- _ASSIGNED TASK_: Using the listing below, set down each line from the line containing "Lucky Star by Cathy Cassidy" through the line containing "In 2013, farms", both ends included, exactly and with nothing added.

--- RECORD SET Enclosed Below ---

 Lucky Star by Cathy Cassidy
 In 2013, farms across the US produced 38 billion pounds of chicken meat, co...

--- End of Enclosed RECORD SET ---
--- RECORD SET Enclosed Below ---

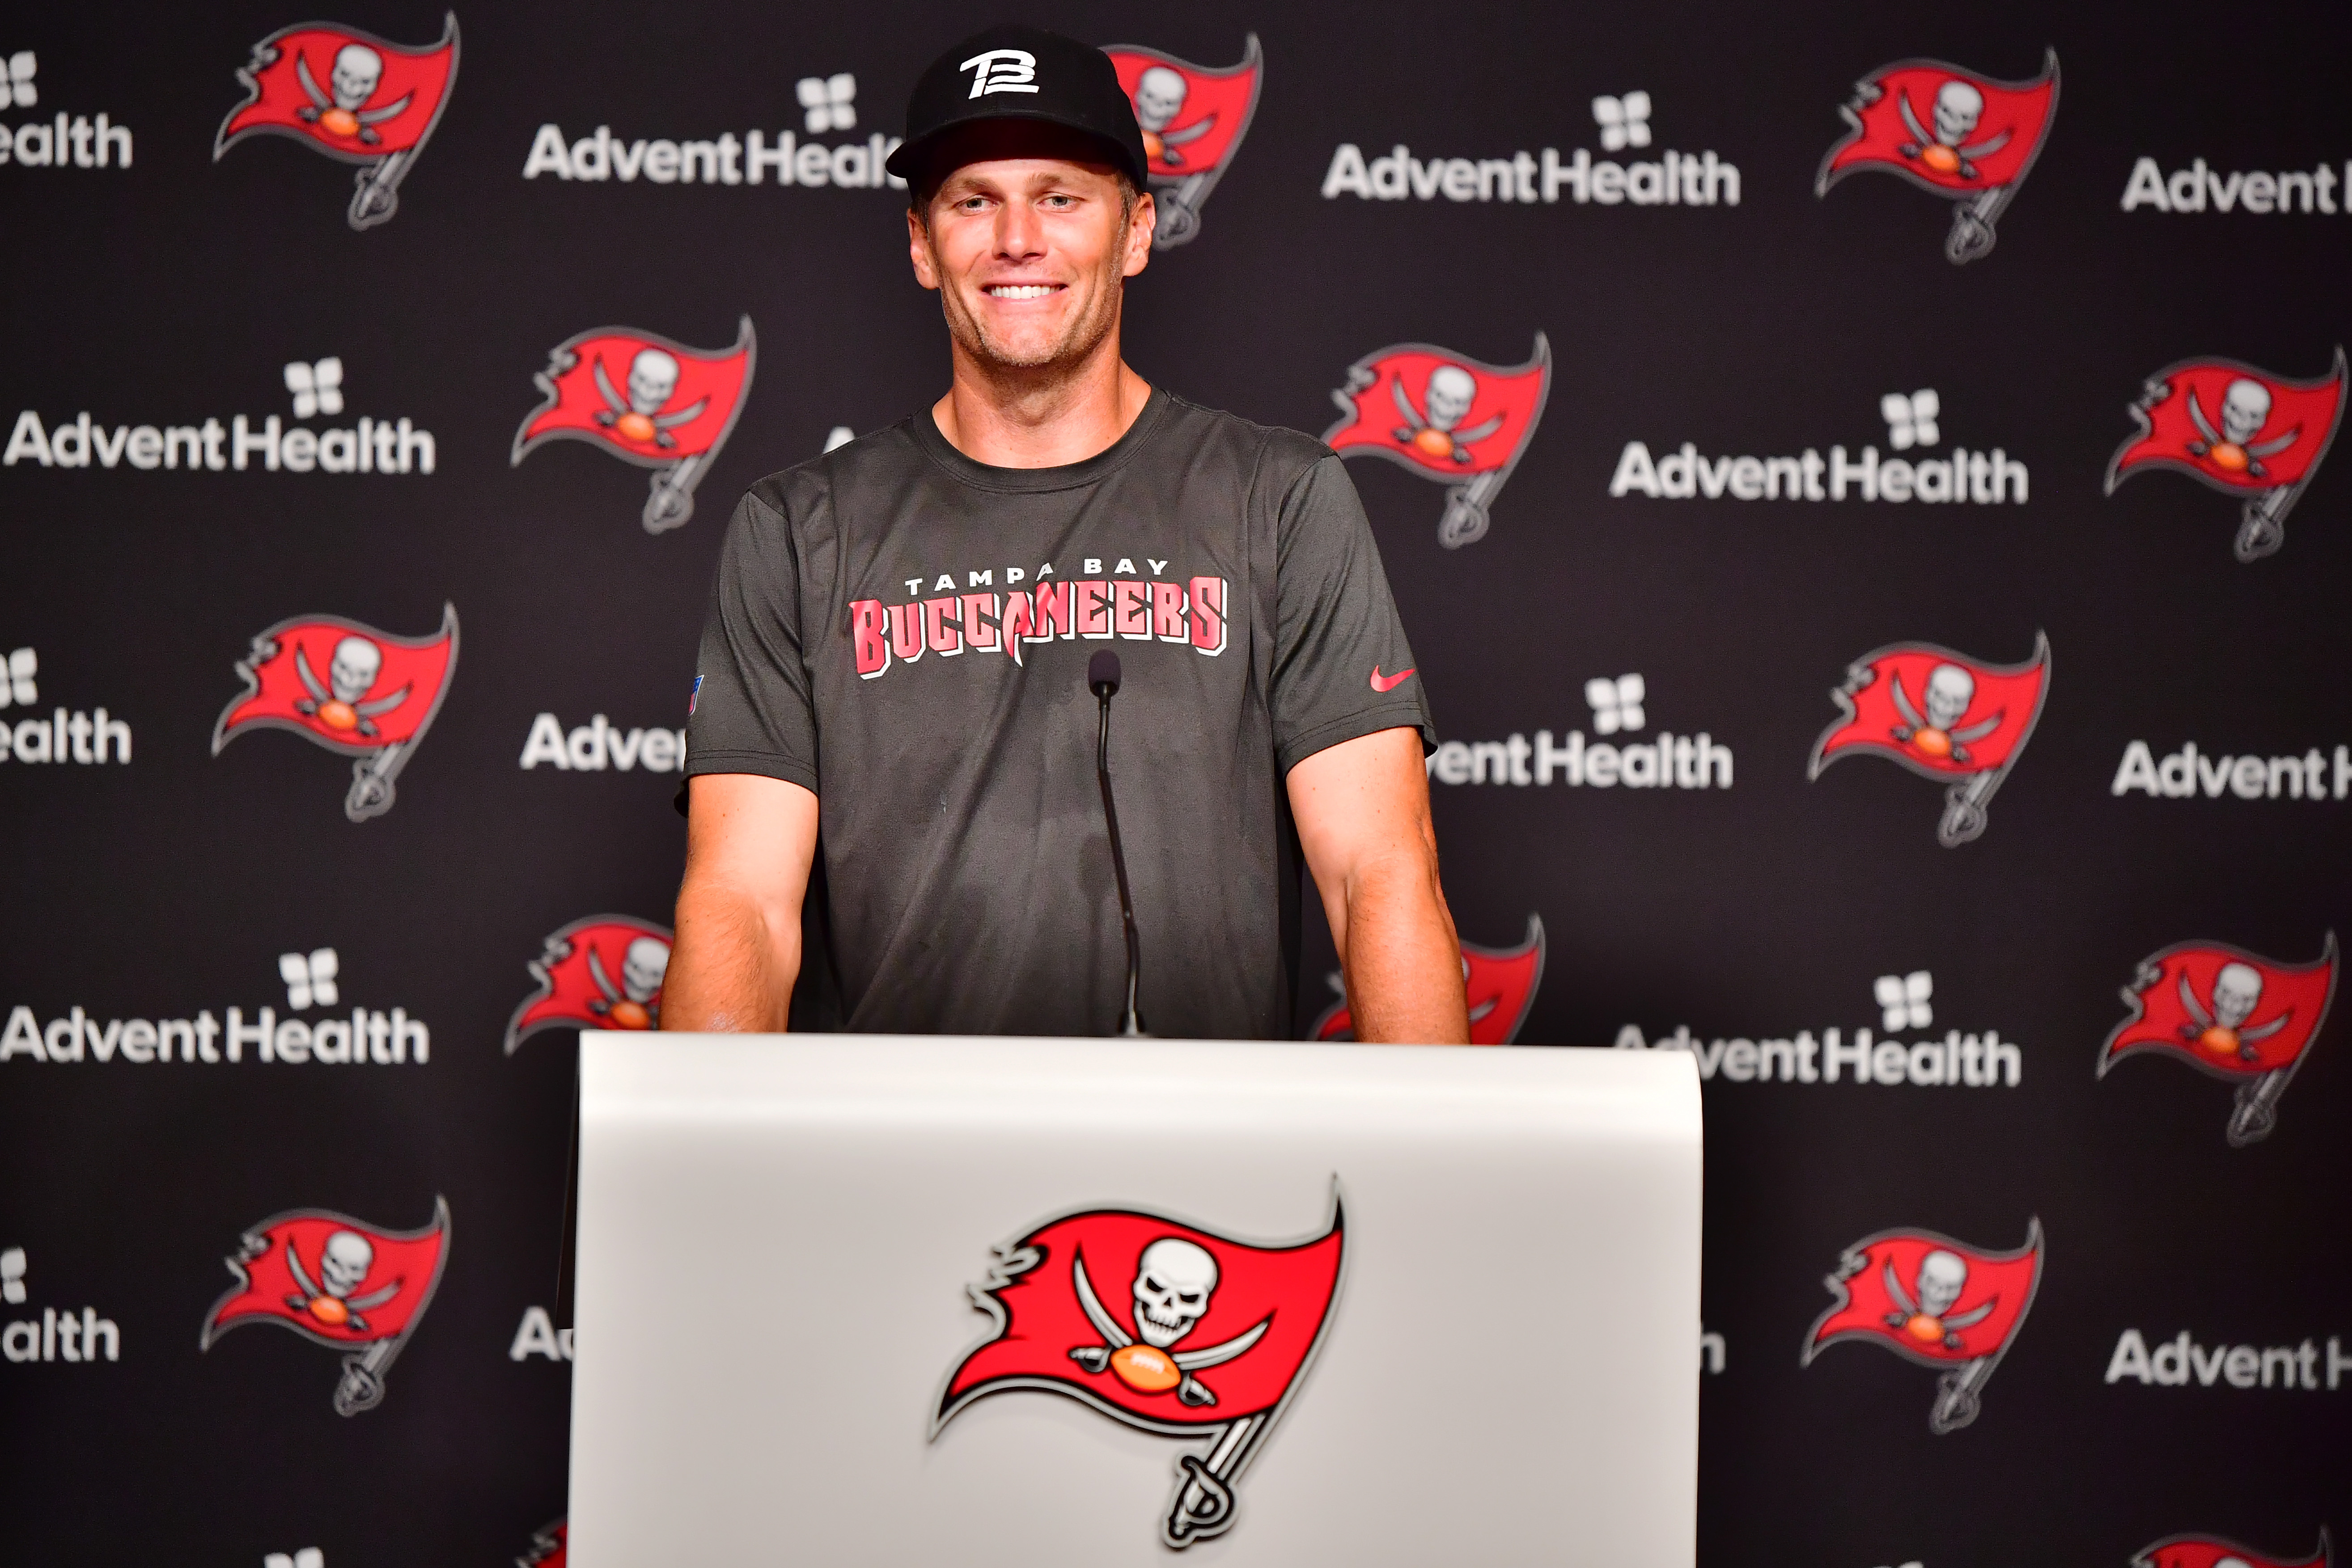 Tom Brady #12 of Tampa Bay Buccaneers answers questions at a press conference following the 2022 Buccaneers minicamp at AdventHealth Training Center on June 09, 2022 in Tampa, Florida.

--- End of Enclosed RECORD SET ---

- _RESPONSE_:
 Lucky Star by Cathy Cassidy
 In 2013, farms across the US produced 38 billion pounds of chicken meat, co...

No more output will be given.